Write Drunk: The Science of Altered States and Creativity
From Dionysian celebrations in Ancient Greece to vision quests and well beyond, the idea that altered states lead to creativity is an established cultural "wisdom." Many writers treat the Ernest Hemingway saying of "write drunk, edit sober" as a commandment from the Muses. But do altered states really expand our creativity? What are the limits? And, perhaps most importantly, what are the reasons?
I'll explore all that in this article, but I'll also be doing something more: Drinking.
When I pitched this article as an homage for Saint Patty's, my editor asked if I'd be willing to get drunk while writing the article. And, you know, I just feel so loyal to this team that it seemed like getting drunk was the right thing to do. What's more, a friend of mine had a birthday celebration with plenty of alcohol, and he gave me permission to work on the article while at the party—so the timing was right.

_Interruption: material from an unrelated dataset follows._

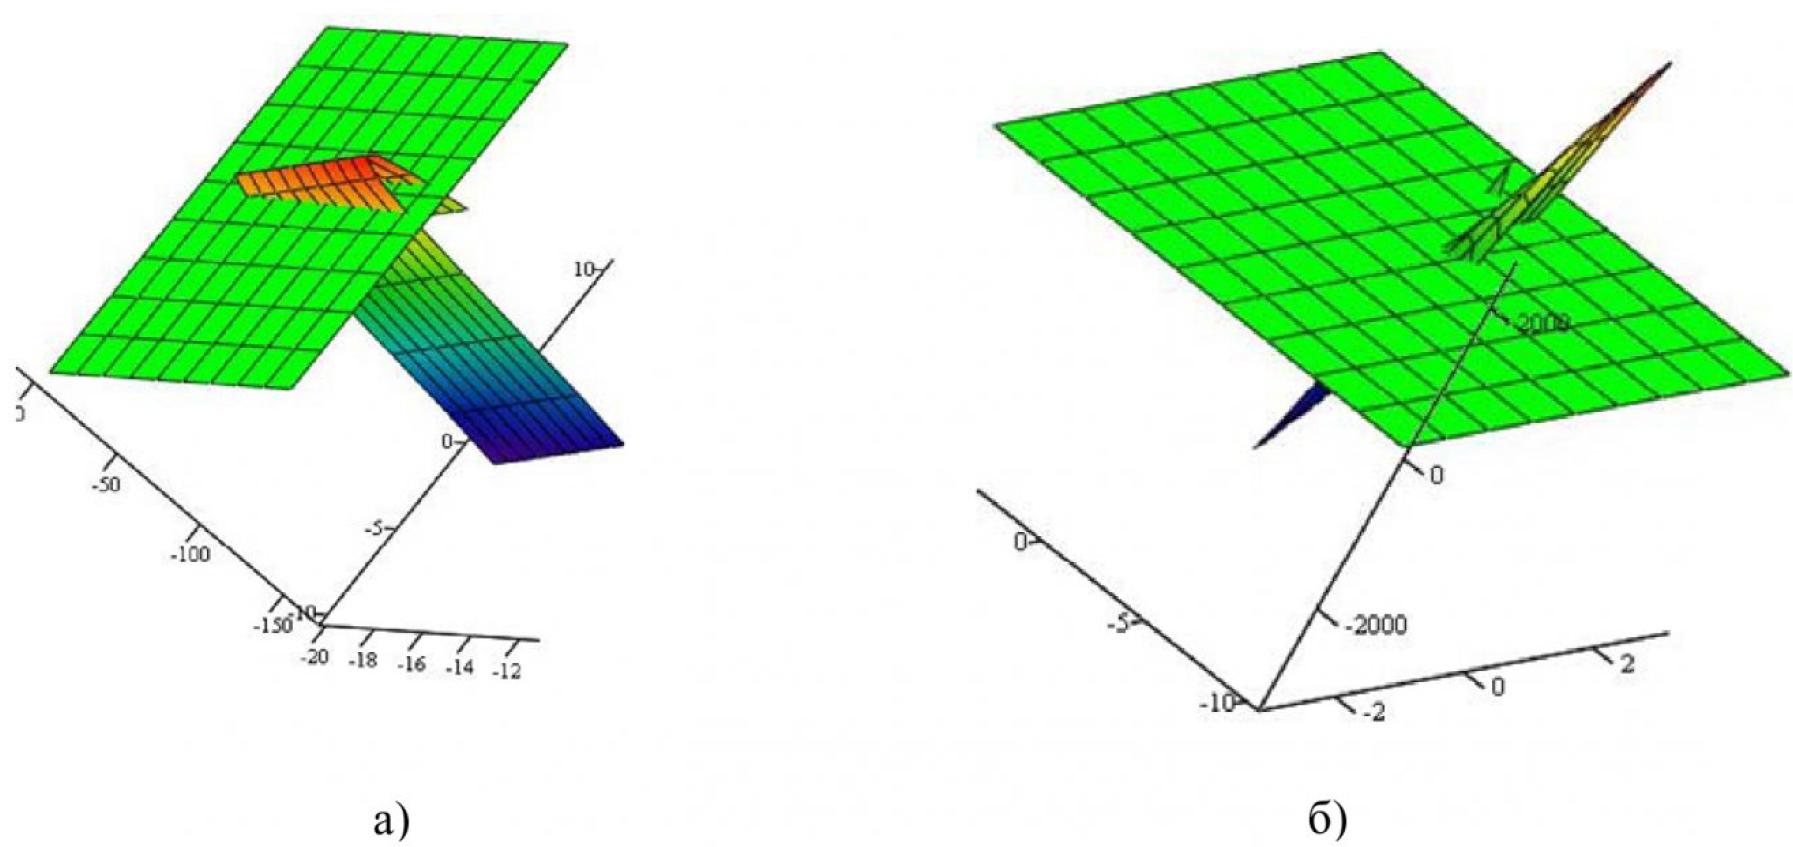 Рисунок 7 – Модели поверхностей, заданных уравнением (4), и их линии нулевого уровня, как графики решения уравнения связи параметров t и ϕ

I'll be letting you know how hard I'm hitting the bottle as I proceed, and I'll make visible notes anywhere I do post-drinking edits. (I originally planned to leave it all unedited, but later decided not to subject you to that particular mess.)
So … let's get this experiment started. Sláinte!
The Obvious Disclaimer
Okay, kids. Uncle Robbie is drinking now, but it's important that you realize that he's doing it for science.
Hopefully it's obvious I'm not advocating binge drinking, and I also hope to make clear that "writing drunk" is both virtue and vice according to the laws of the muses. It opens up opportunities, and it closes others—and many great writers have sabotaged themselves through their excessive love of drink.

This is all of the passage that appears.